A non-governmental organization is any group that is non-profit, independent from local, national and international government organizations. NGOs are usually formed by a group of people with common interests on a voluntary basis. They engage in various undertakings such as advocating for peoples’ rights, lobbying for policies which enhance public participation in government and act as watch dogs of the interests of the members of the public. Some NGOs are organized around specific issues such as education, environment or health. They provide analysis and expertise, serve as early warning mechanisms and help monitor and implement international agreements.
Some of these organizations are based in one country while others operate across borders at the international level. It is worth noting that all NGOs do not engage in political roles, some are set up to perform other activities such as charitable work. Non-Governmental Organizations are at times given observer status during meetings of the United Nations.
Legal Regime governing NGOs in Kenya
The operation of NGOs in Kenya is governed by the Public Benefits Organizations Act. The Act commenced in 2016 and repealed the former Non-Governmental Organizations Coordination Act. This Act harmonized all the existing laws on NGOs and other public benefit organizations.
The Act further sought to re-brand NGOs to PBOs. It defines a Public Benefit Organization as a duly registered voluntary membership or non-membership grouping of individuals or organizations, which is autonomous, non-partisan and non-profit. It can be locally, nationally or internationally organized and engages in public benefit activities. A public benefit activity is defined as an activity that supports or promotes the public benefit by: enhancing or promoting legitimate economic, environmental, social, or cultural development; protecting the environment; or lobbying or advocating on issues of general public interest or the well-being of a group of individuals or organizations.

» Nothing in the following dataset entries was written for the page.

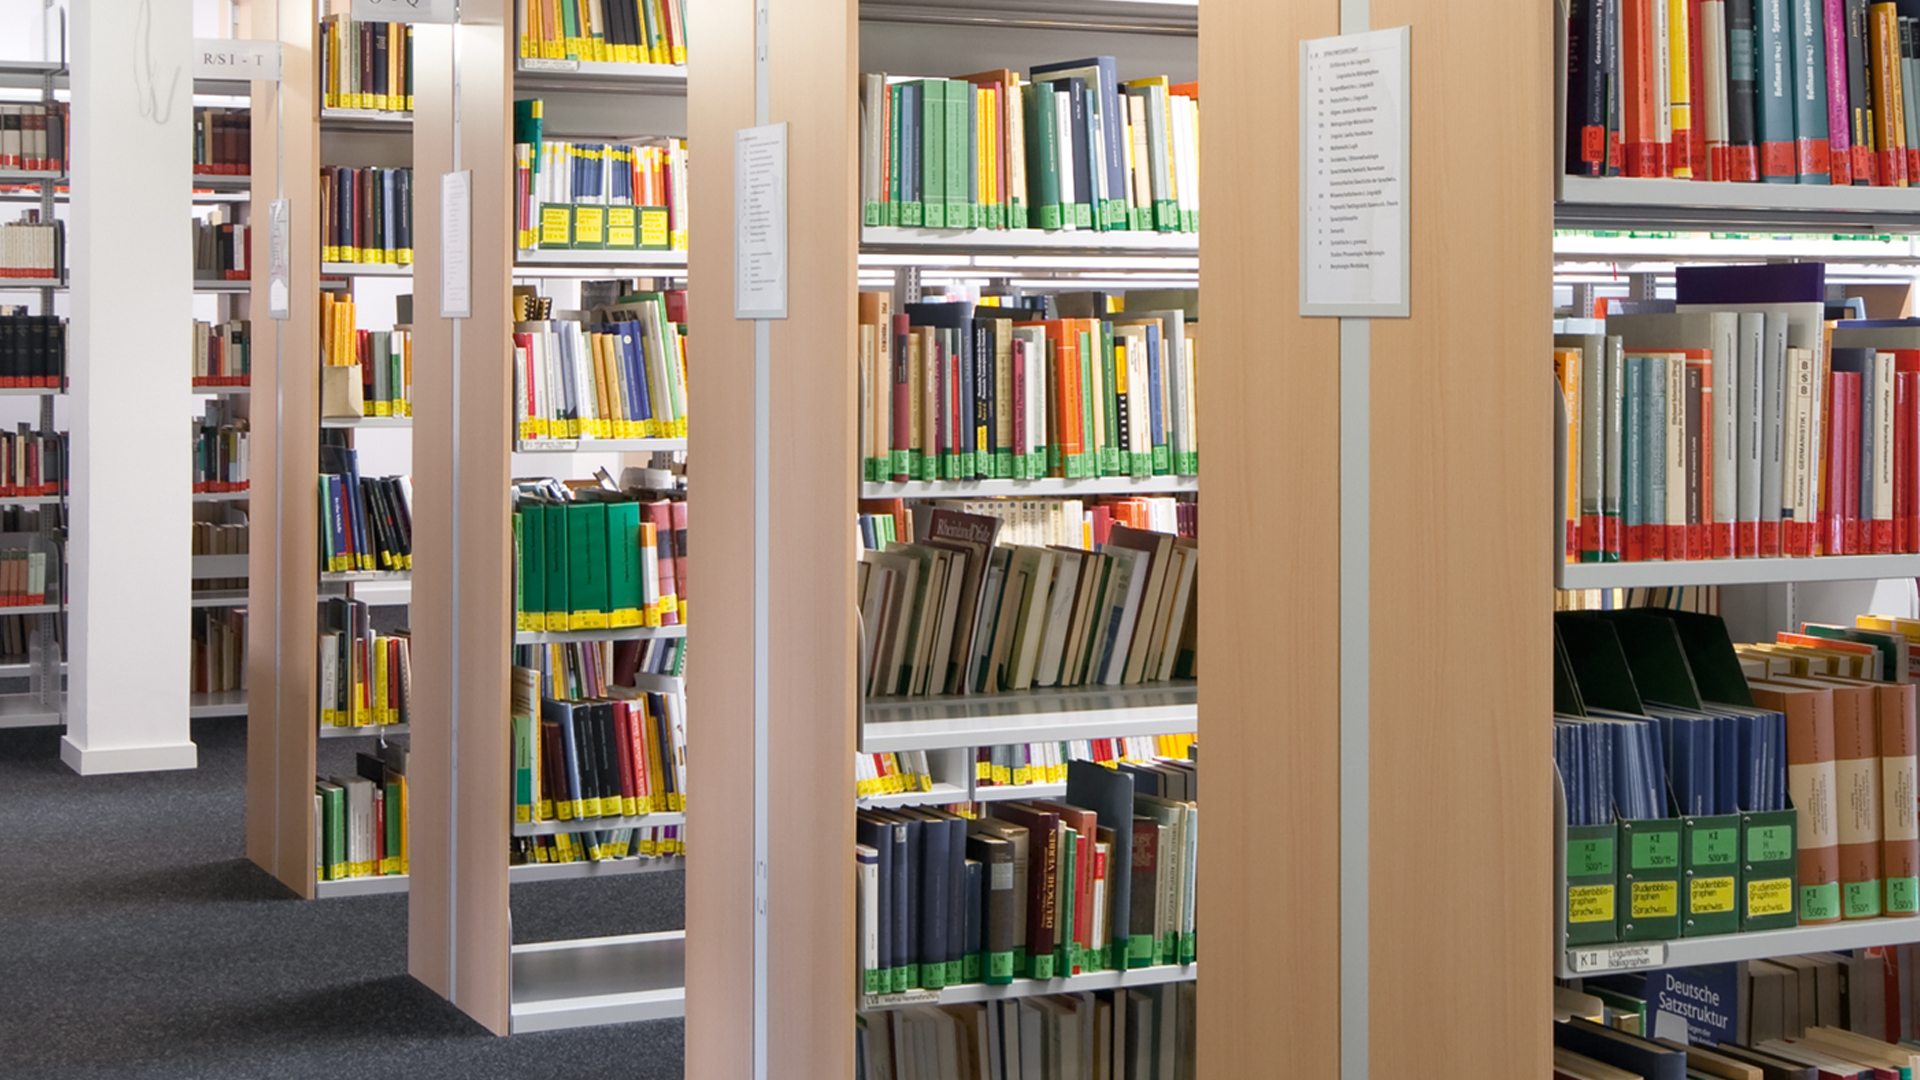 Stationaeres-Freihandregal-Bibliothek-04-BR-mauser-16-9
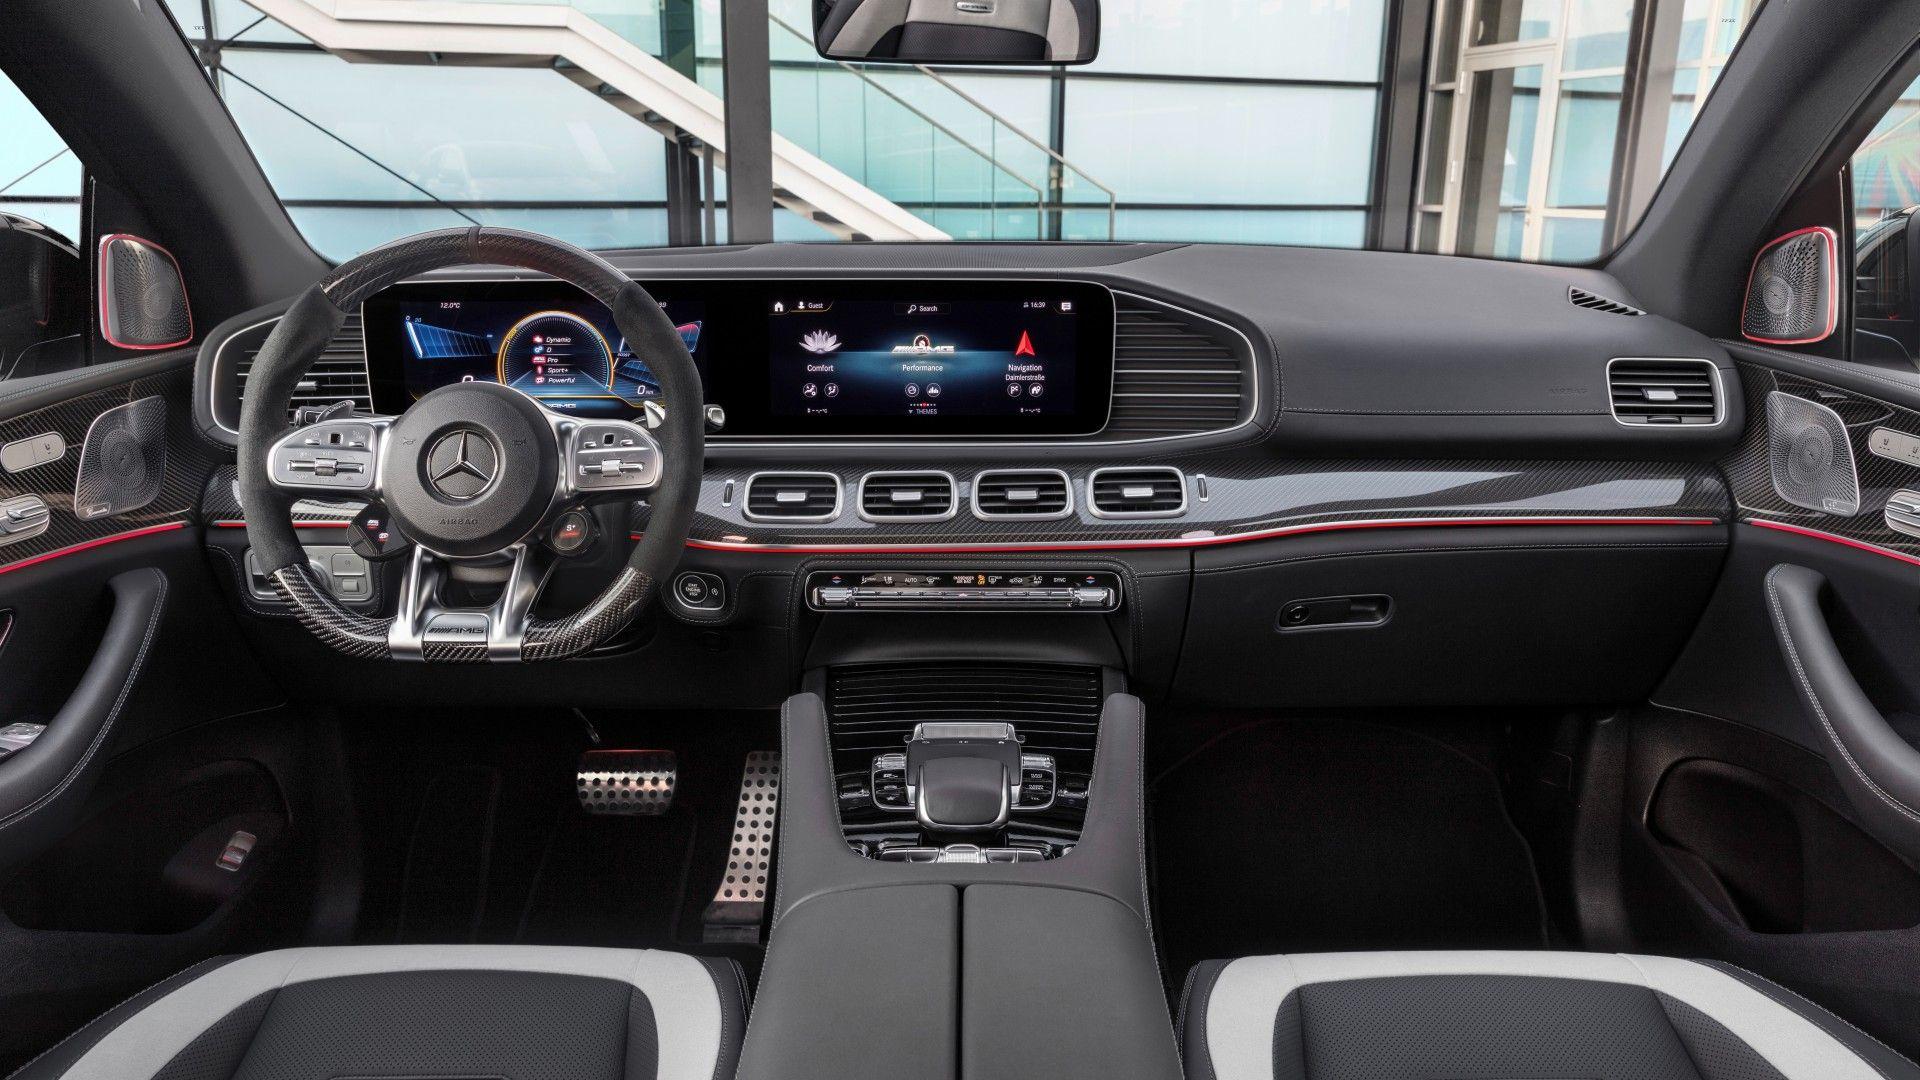 Mercedes AMG GLE 63 S 4Matic Coupé 2020 (2)
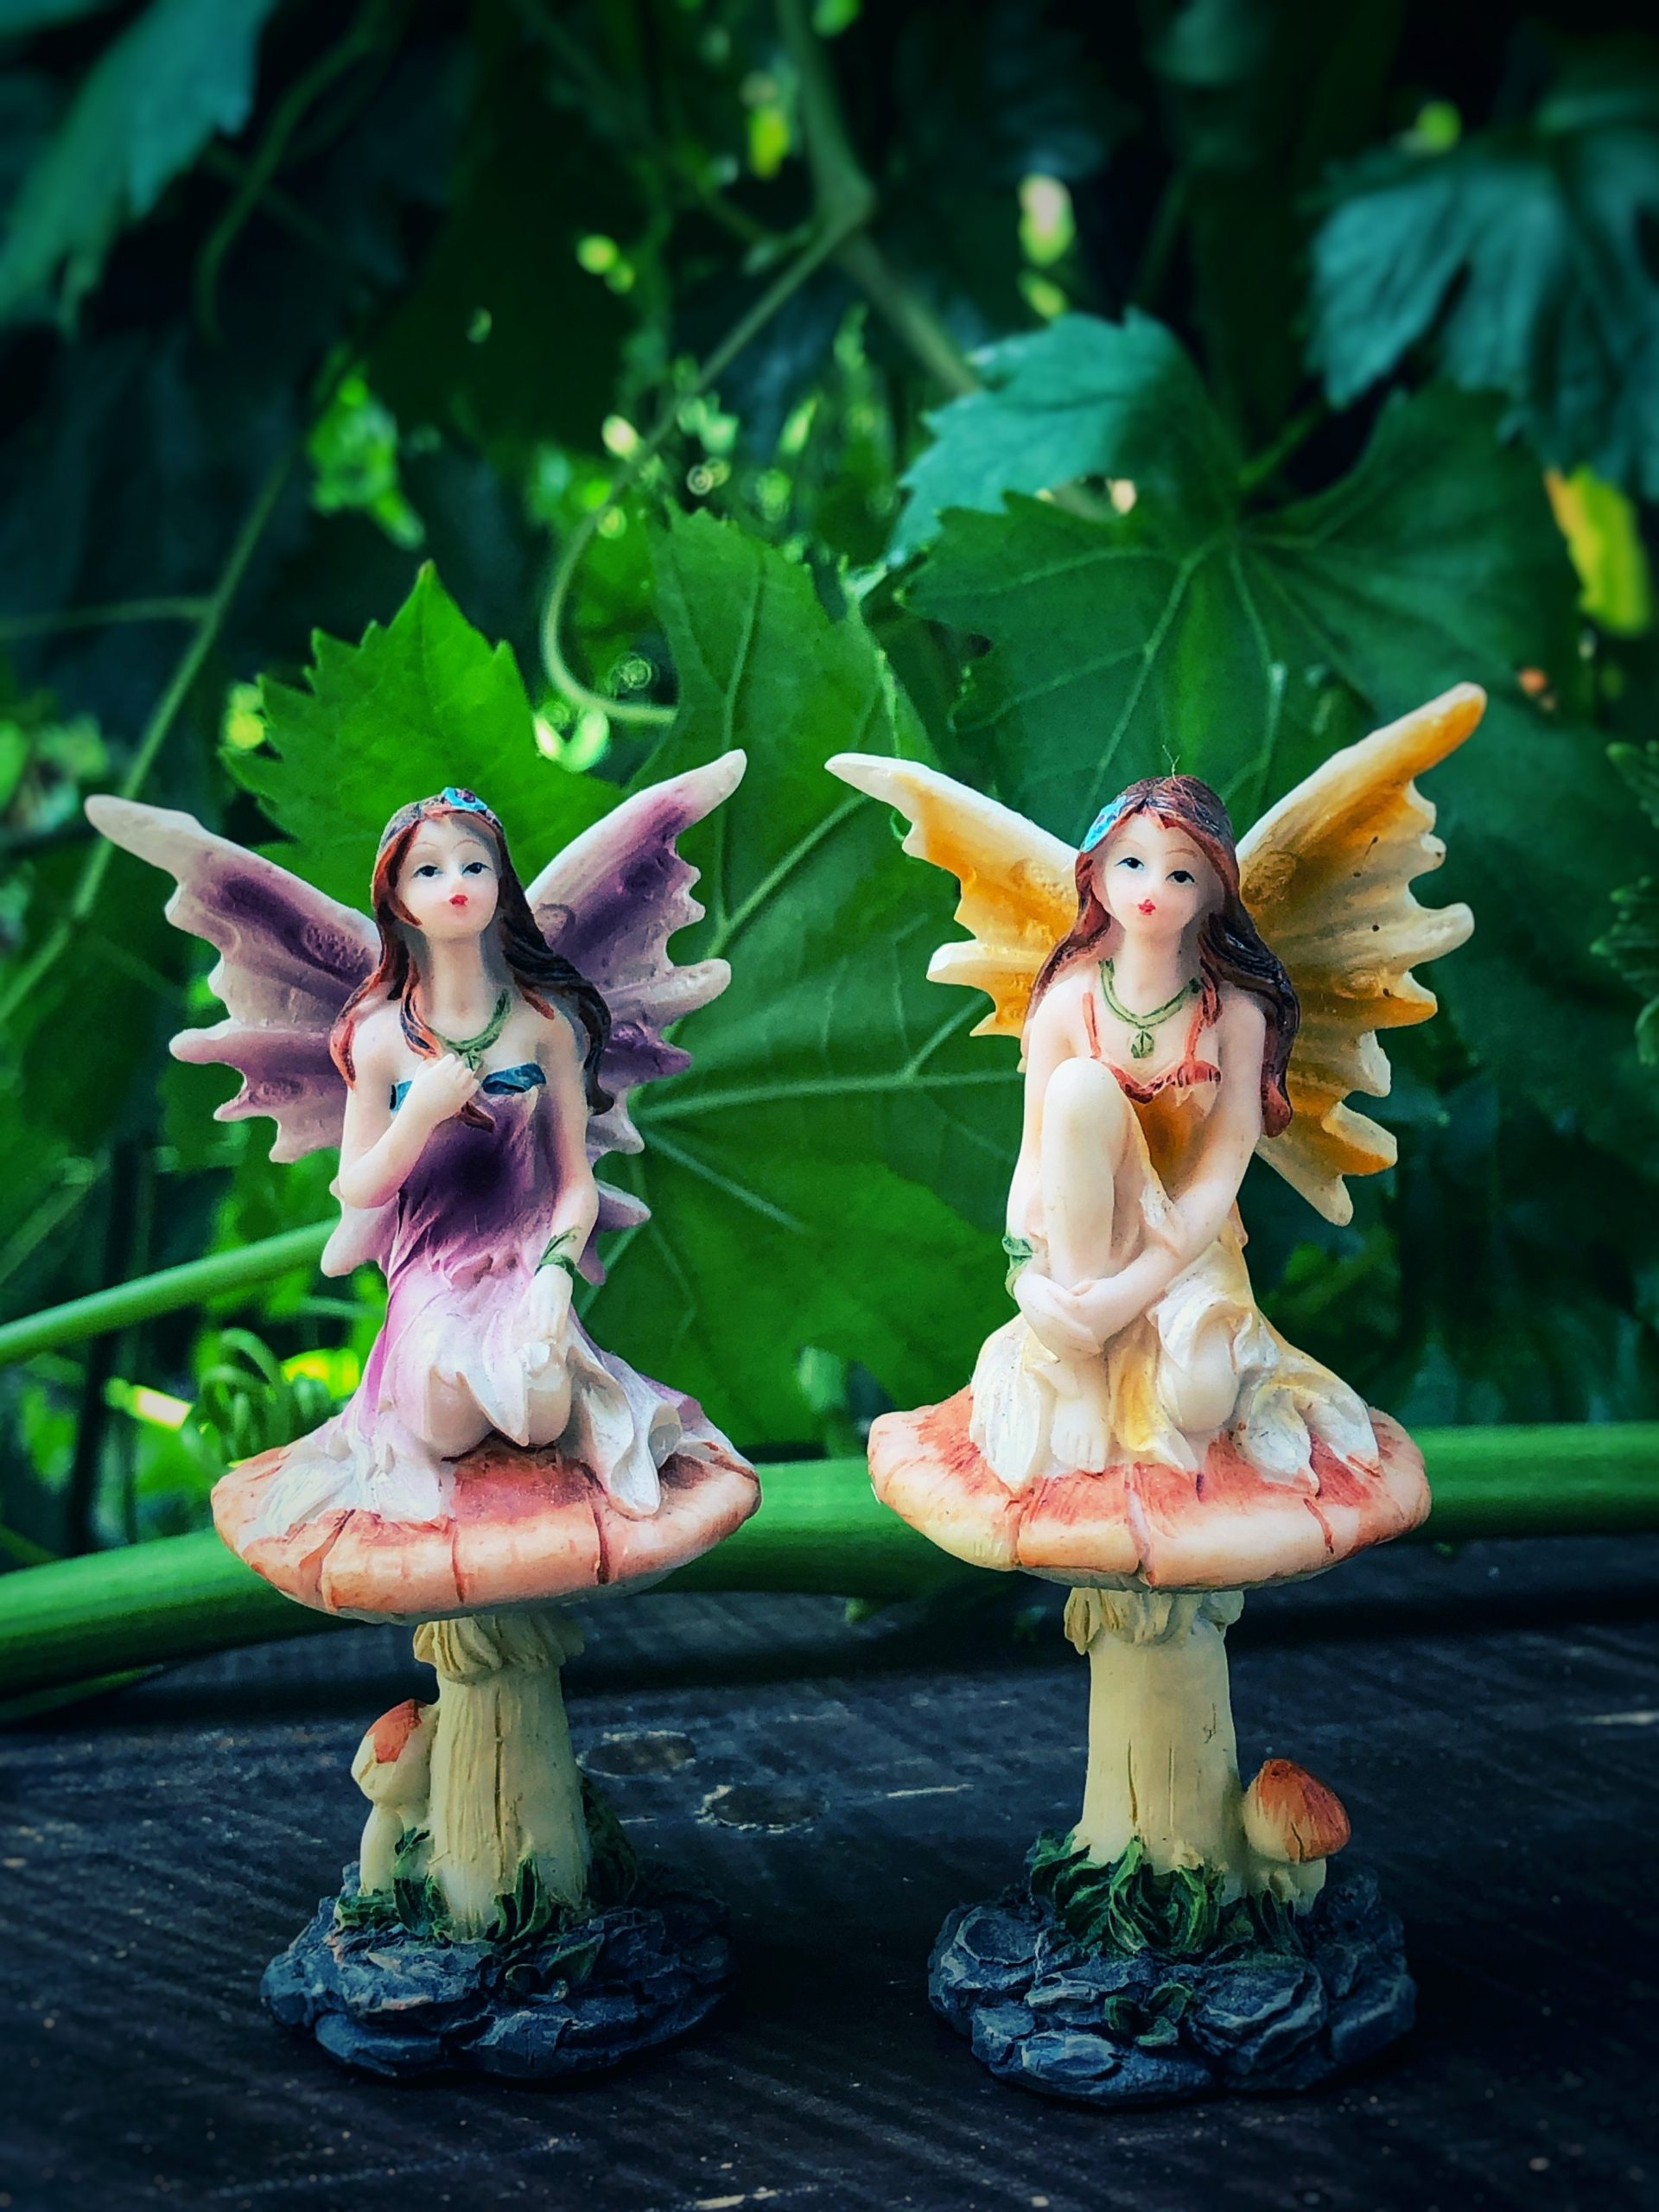 Fairy on toadstool

Procedure of registration:
The registration of NGOs is currently being done in accordance with the new Act which outlines the procedure of registration. These organizations will be referred to as PBOs. A group that wishes to register a PBO shall make an application for registration to the Public Benefit Organizations Regulatory Authority which is established under the Act. The application is accompanied by:
- A copy of the constitution or other constitutive document of the public benefit organization;
- Names and addresses of the founders of the public benefit organization;
- The public benefit purposes for which the public benefit organization is organized and operated and all of the principal activities that the public benefit organization shall engage in;
- The postal and physical address of the principal place of doing business of the public benefit organization;
- The prescribed fee;
- Such other particulars or information as may be required by the Authority in order to assist the Authority to determine whether or not the organization meets the requirements for registration under the Act.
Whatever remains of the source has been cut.